| I've built a couple of experiments using it so far and it has been really interesting. On one hand, it has really helped me with prototyping incredibly fast. On the other, it is prohibitively expensive today. Essentially you pay per click, in some cases per keystroke. I tried to get it to find a flight for me. So it opened the browser, navigated to Google Flights, entered the origin, destination etc. etc. By the time it saw a price, there had already been more than a dozen LLM calls. And then it crashed due to a rate limit issue. By the time I got a list of flight recommendations it was already $5. But I think this is intended to be an early demo of what will be possible in the future. And they were very explicit that it's a beta: all of this feedback above will help them make it better. Very quickly it will get more efficient, less expensive, more reliable. So overall I'm optimistic to see where this goes. There are SO many applications for this once it's working really well. |
A real killer app would be something that is adaptive and smart enough to deal with all the SEO/walled gardens in the travel search space, actually understanding the airlines available and searching directly there as well as at aggregators.
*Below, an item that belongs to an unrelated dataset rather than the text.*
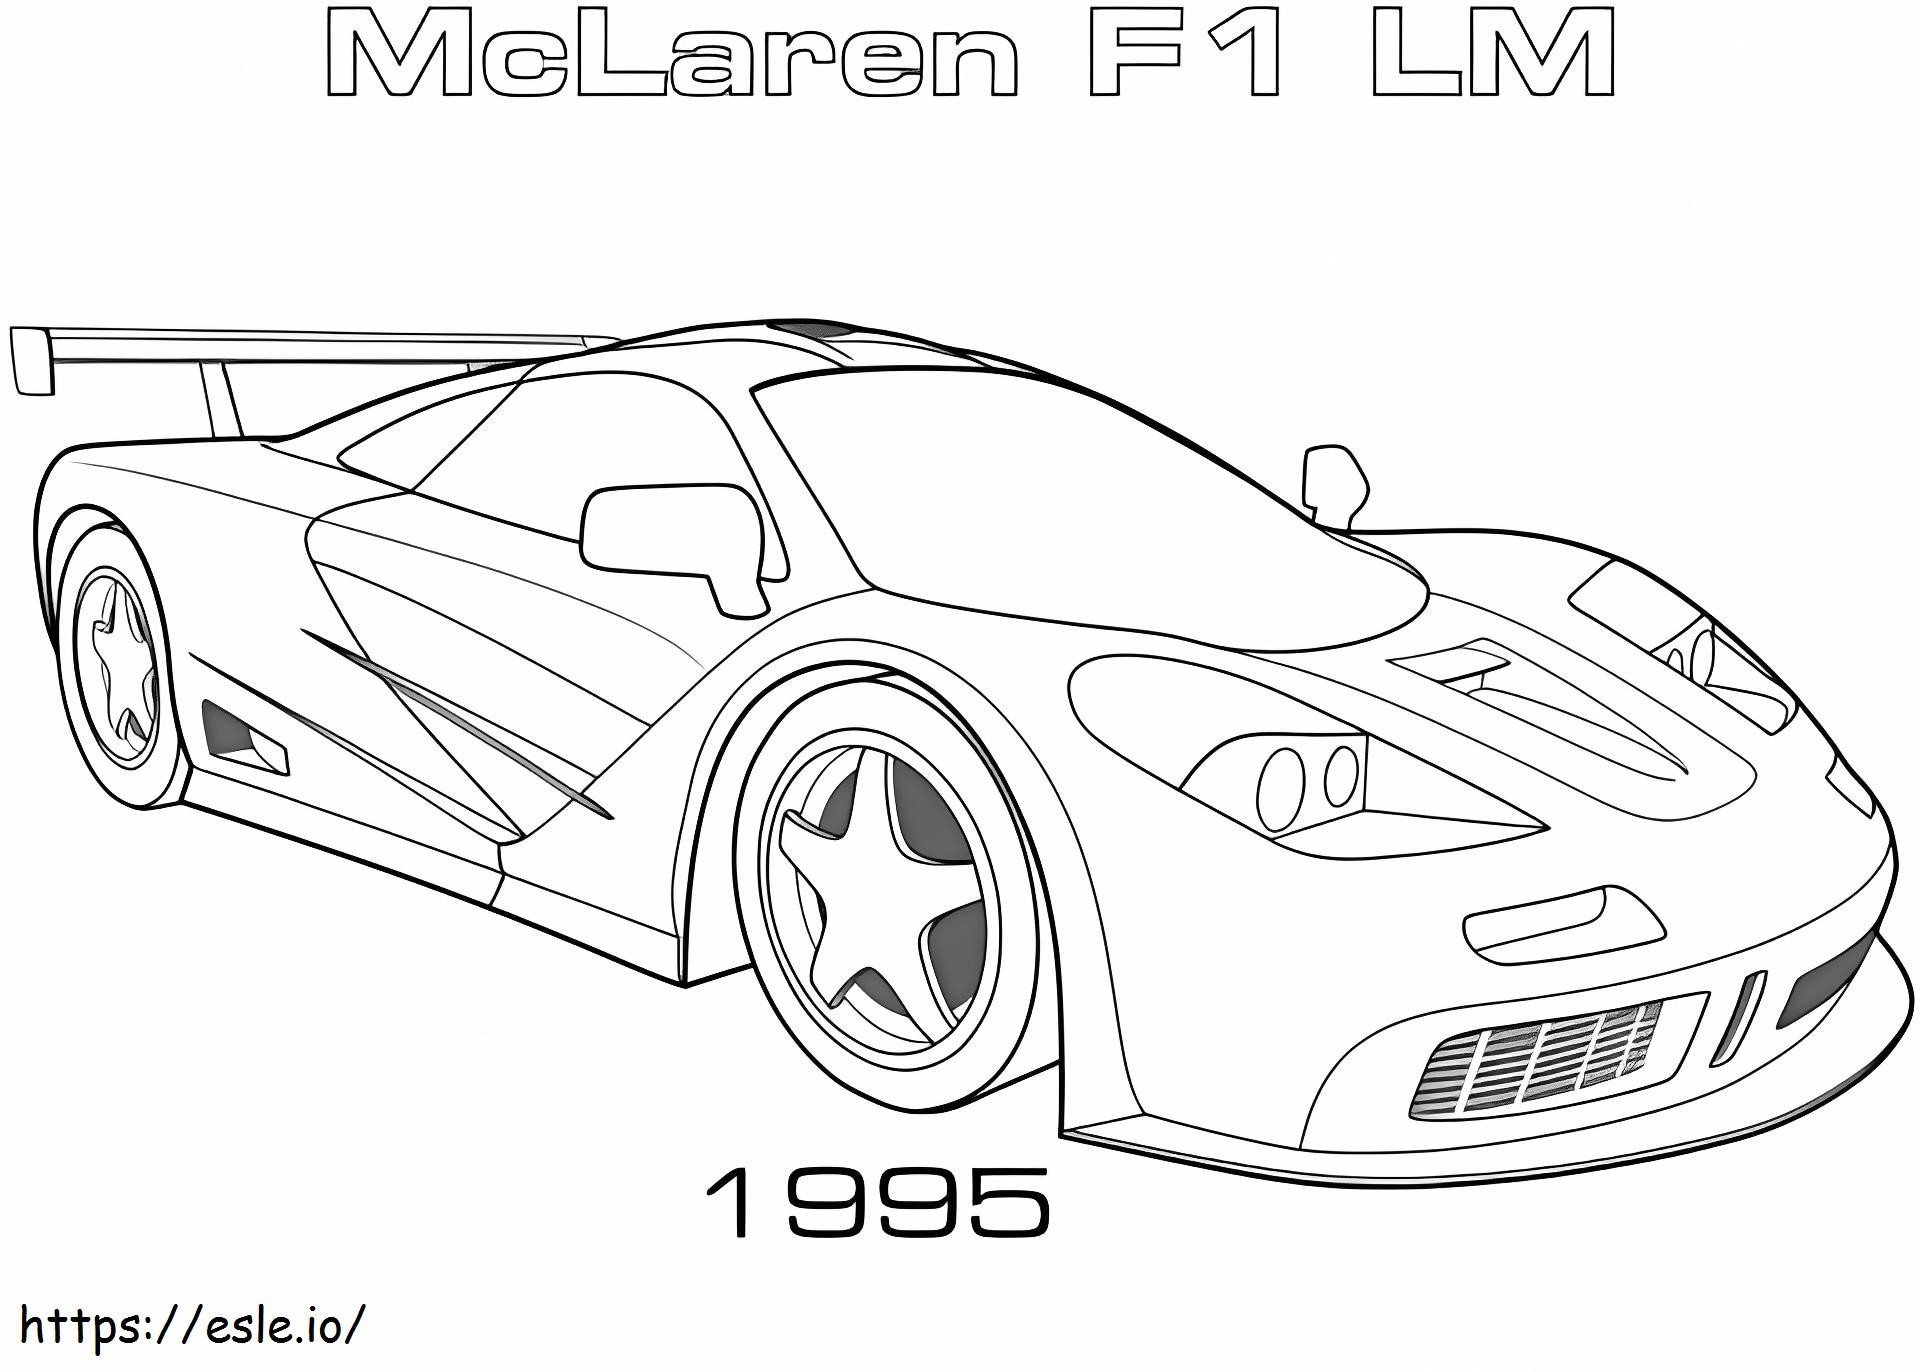 1527154118 1995 McLaren F1 Lm kolorowanka

It could also be integrated with your Airline miles accounts and all suggested options to use miles/miles&cash/cash, etc.
All of that is far more complex than .. clicking around google flights on your behalf and crashing.
Further, the real killer app is that it is bullet proof enough that you entrust it to book said best flight for you. This requires getting the product to 99.99% rather than the perpetual 70-80% we are seeing all these LLM use cases hit.